§ INSTRUCTIONS TO FOLLOW
Repeat the listing exactly, minus the pictures.

§ SUPPLIED INFORMATION

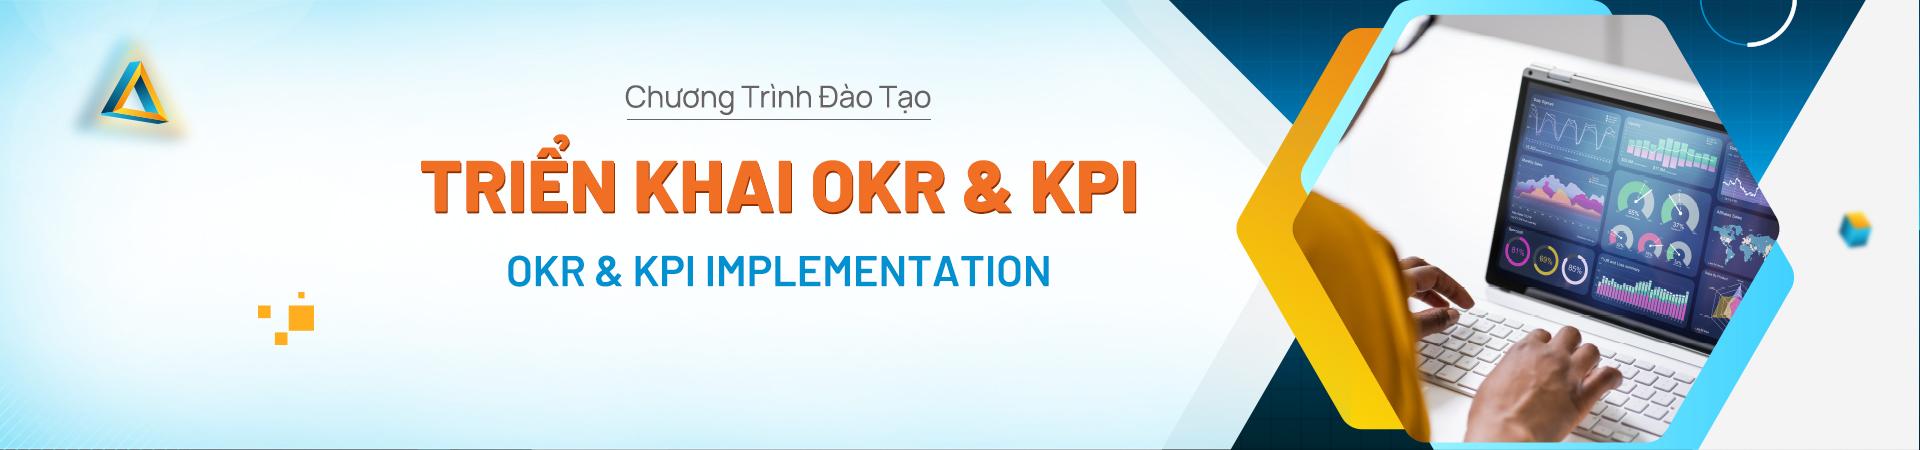 TRIỂN KHAI OKR & KPI
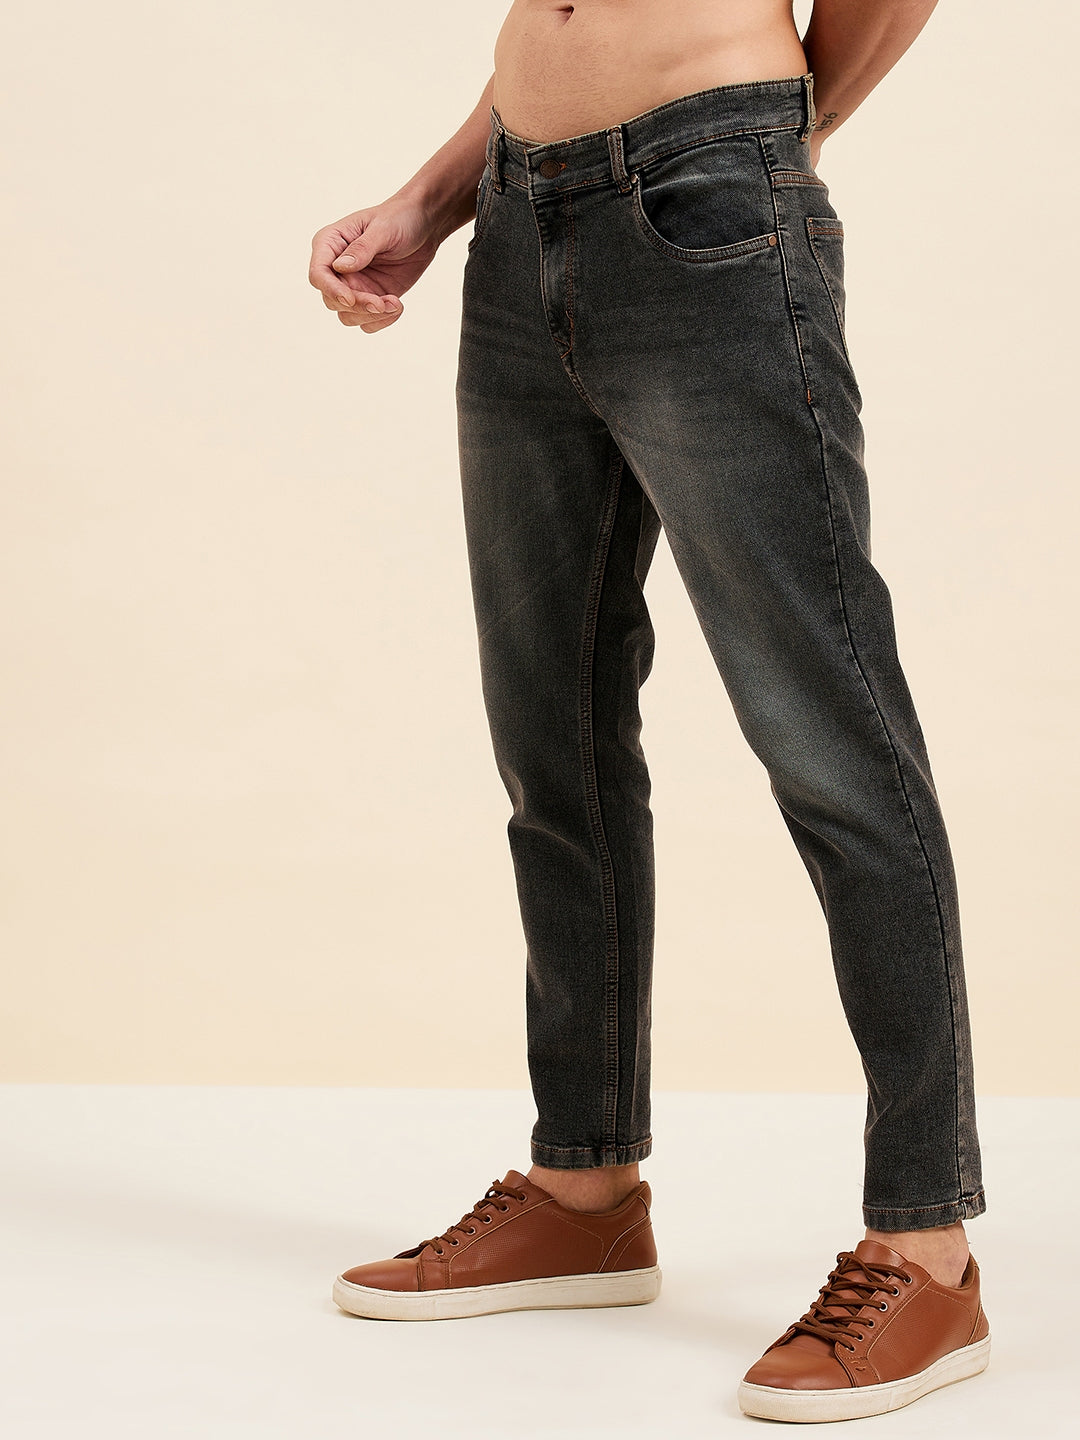 Men's Charcoal Grey Slim Fit Jeans - LYUSH-MASCLN
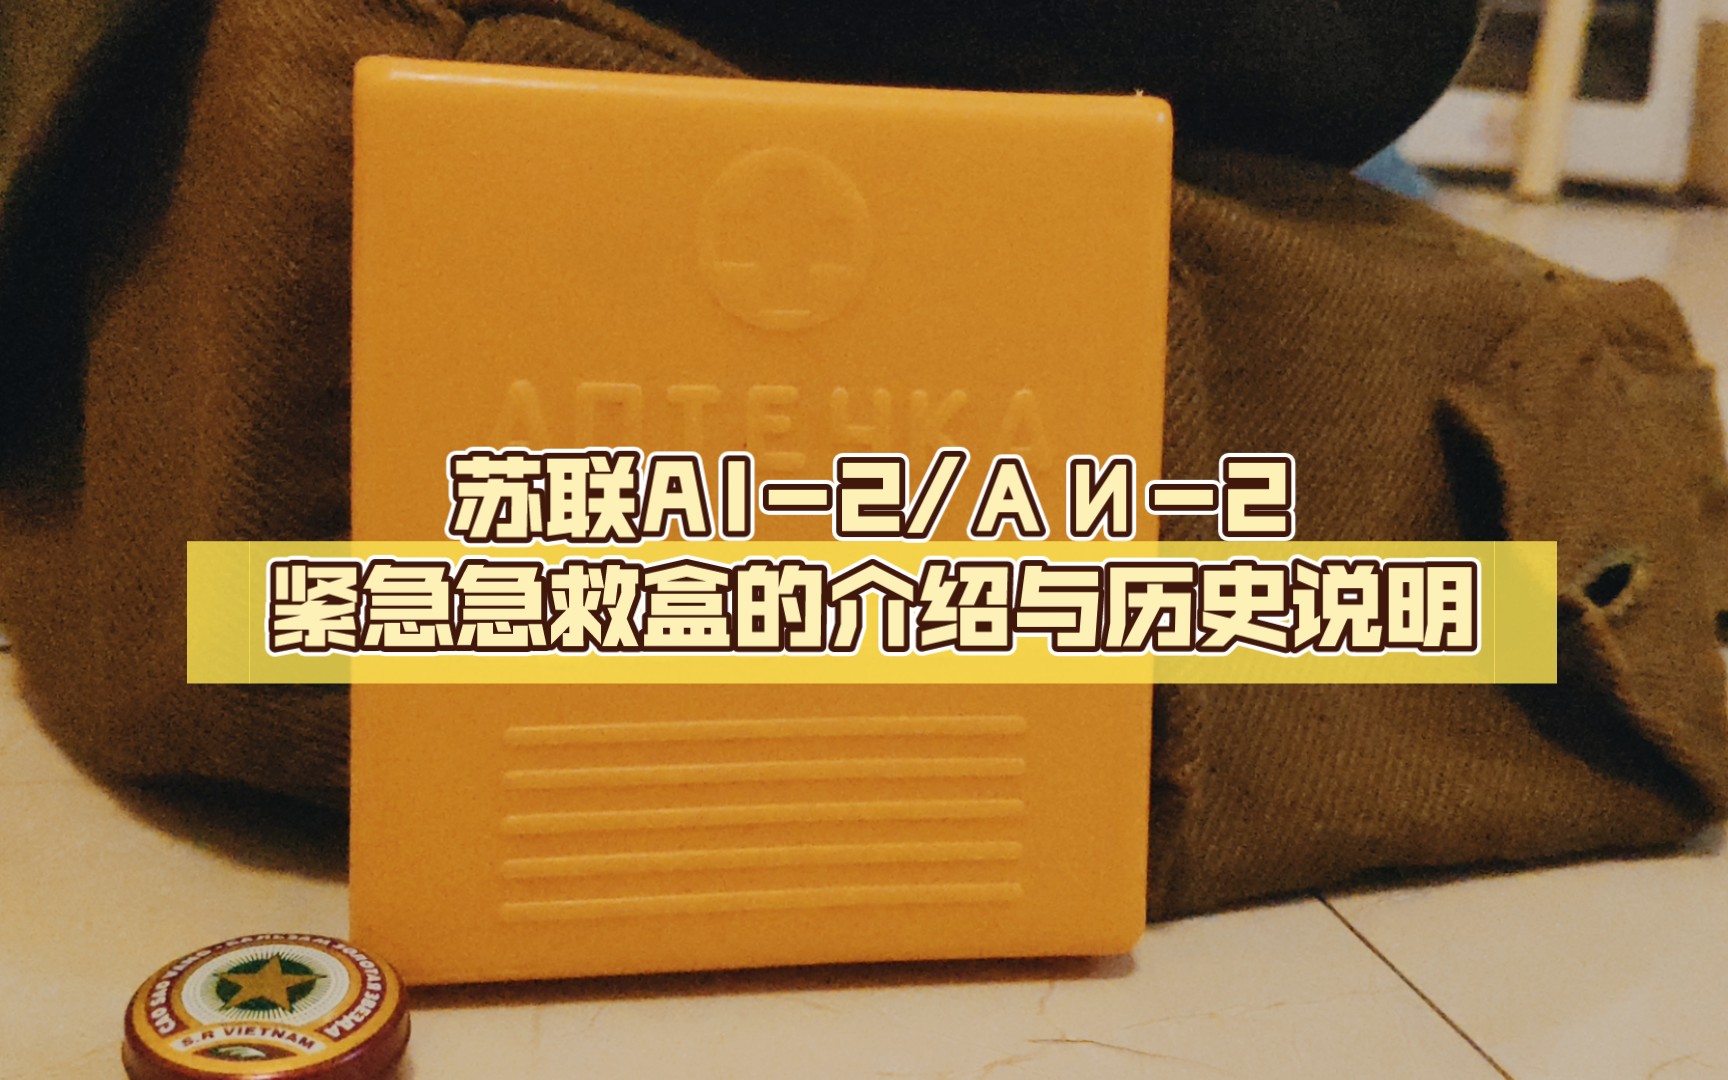 (苏联藏品)经典的“小黄片”:苏联AI-2/АИ-2紧急急救盒的介绍与历史说明

§ EXERCISE OUTPUT
 TRIỂN KHAI OKR & KPI
 Men's Charcoal Grey Slim Fit Jeans - LYUSH-MASCLN
 (苏联藏品)经典的“小黄片”:苏联AI-2/АИ-2紧急急救盒的介绍与历史说明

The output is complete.